EXERCISE BRIEF> Below is a listing; transcribe it exactly but without any images.

MATERIAL PROVIDED>
---------------
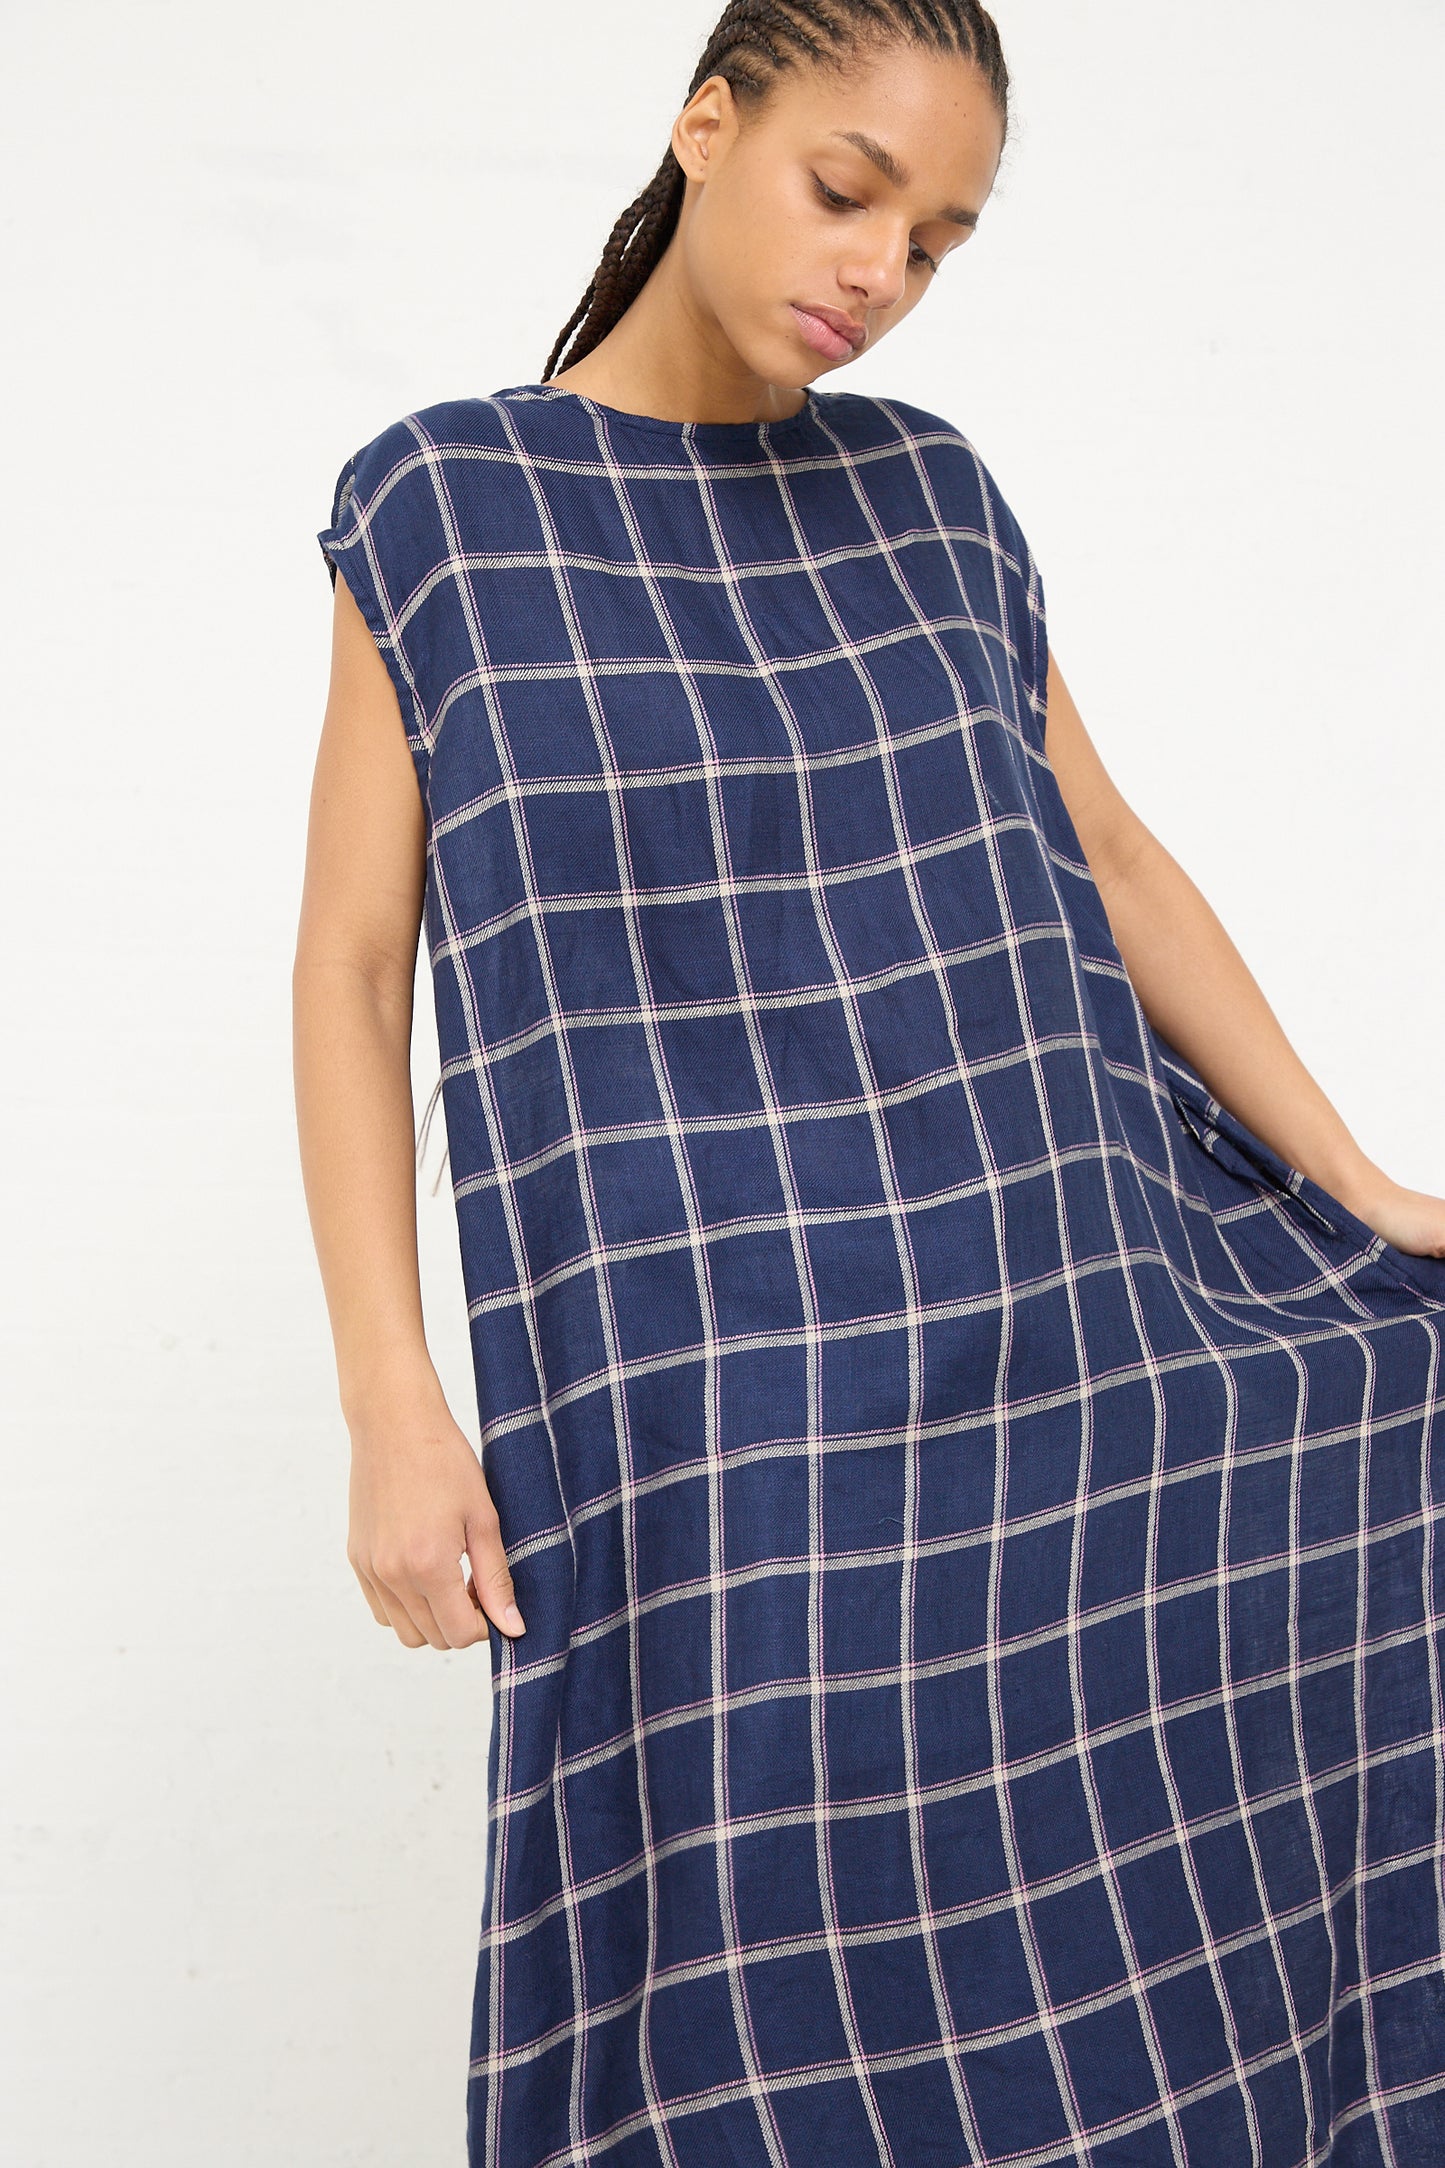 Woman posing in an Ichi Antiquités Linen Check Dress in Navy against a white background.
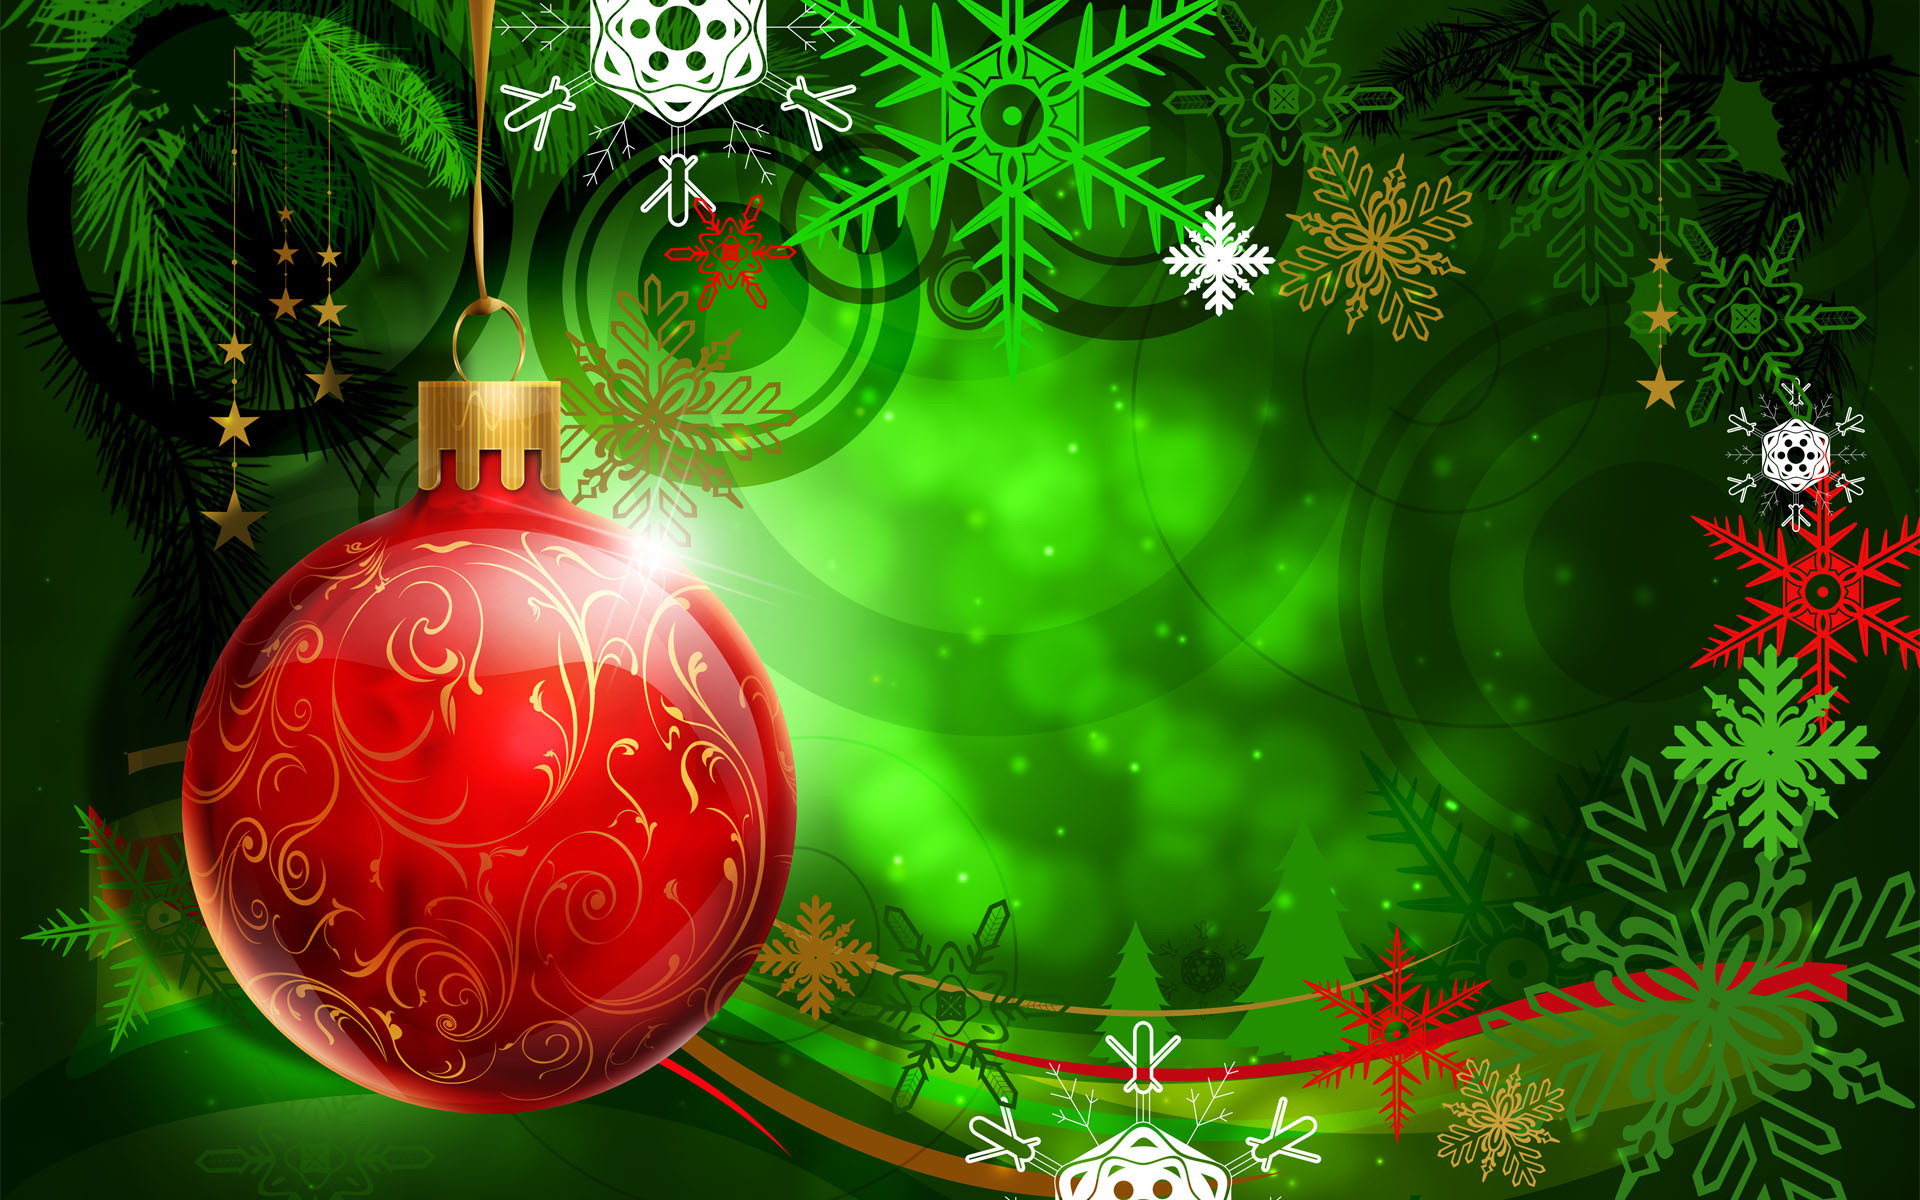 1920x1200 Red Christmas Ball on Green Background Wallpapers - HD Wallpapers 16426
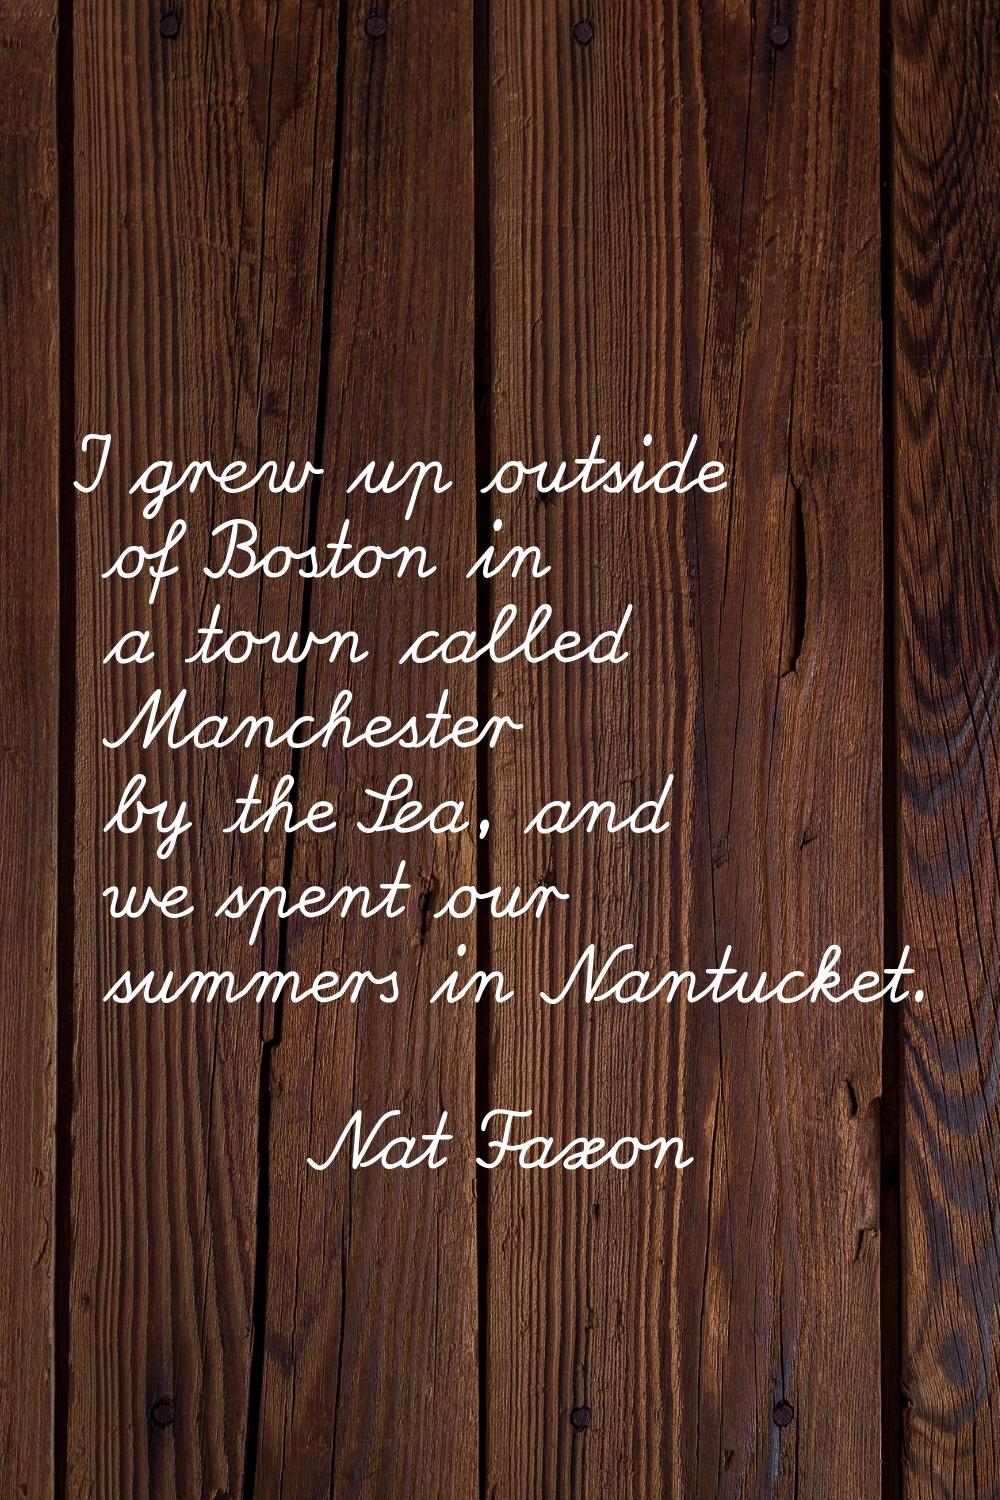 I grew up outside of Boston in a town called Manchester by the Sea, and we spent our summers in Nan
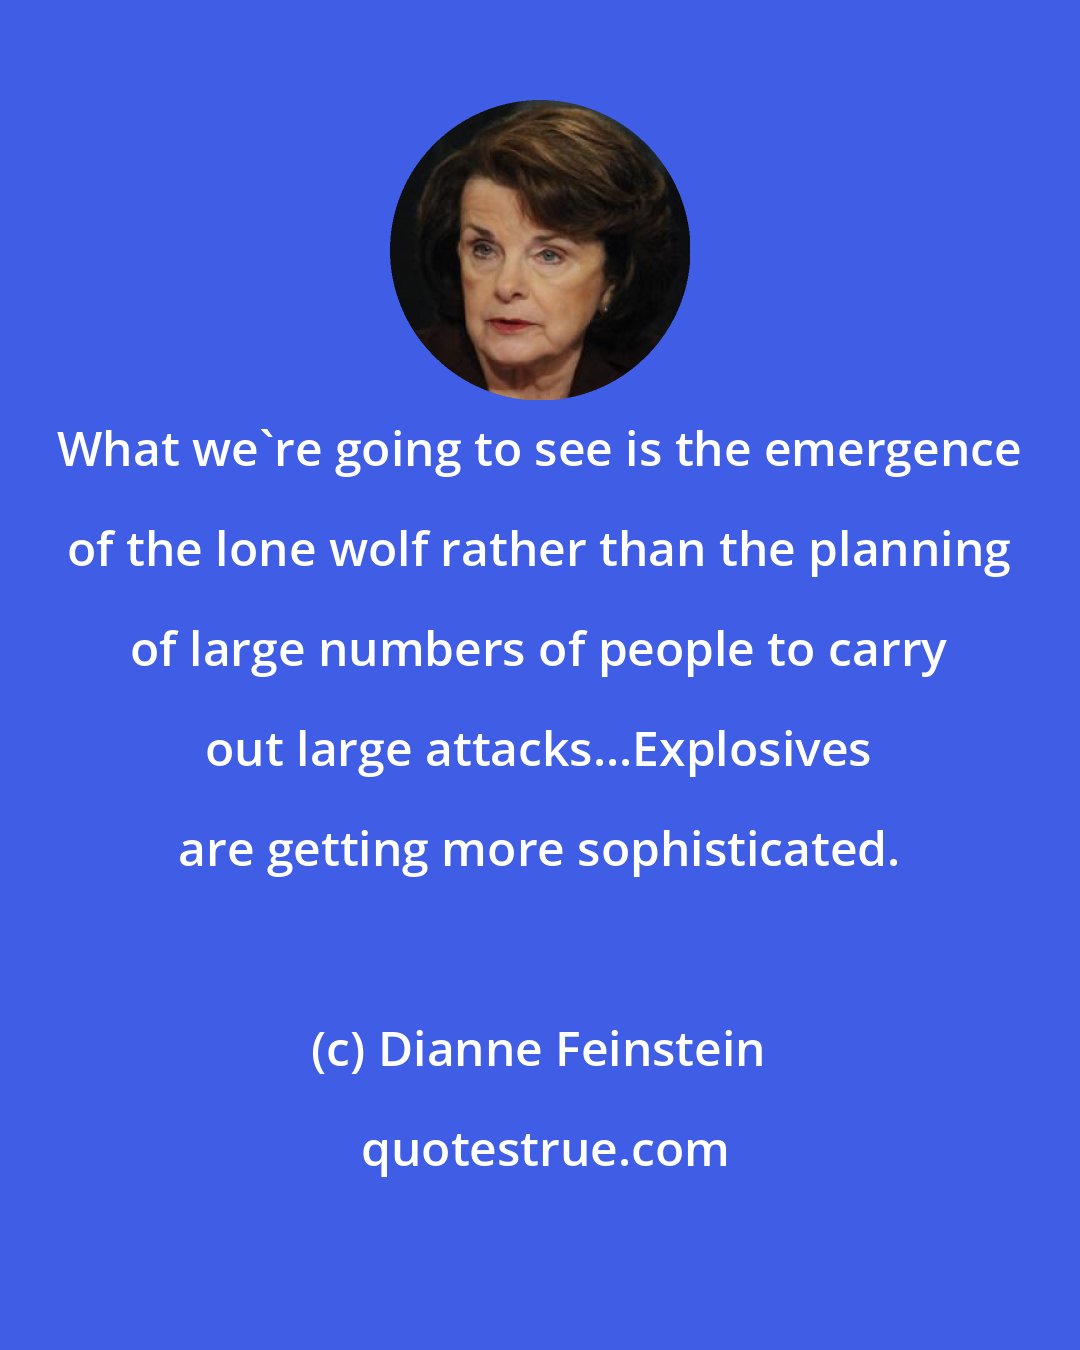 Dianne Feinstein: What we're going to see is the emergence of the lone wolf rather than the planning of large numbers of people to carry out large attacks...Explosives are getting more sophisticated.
---------------
RESPONSE TO THIS TASK>
 Woman posing in an Ichi Antiquités Linen Check Dress in Navy against a white background.
 1920x1200 Red Christmas Ball on Green Background Wallpapers - HD Wallpapers 16426
 I grew up outside of Boston in a town called Manchester by the Sea, and we spent our summers in Nan
 Dianne Feinstein: What we're going to see is the emergence of the lone wolf rather than the planning of large numbers of people to carry out large attacks...Explosives are getting more sophisticated.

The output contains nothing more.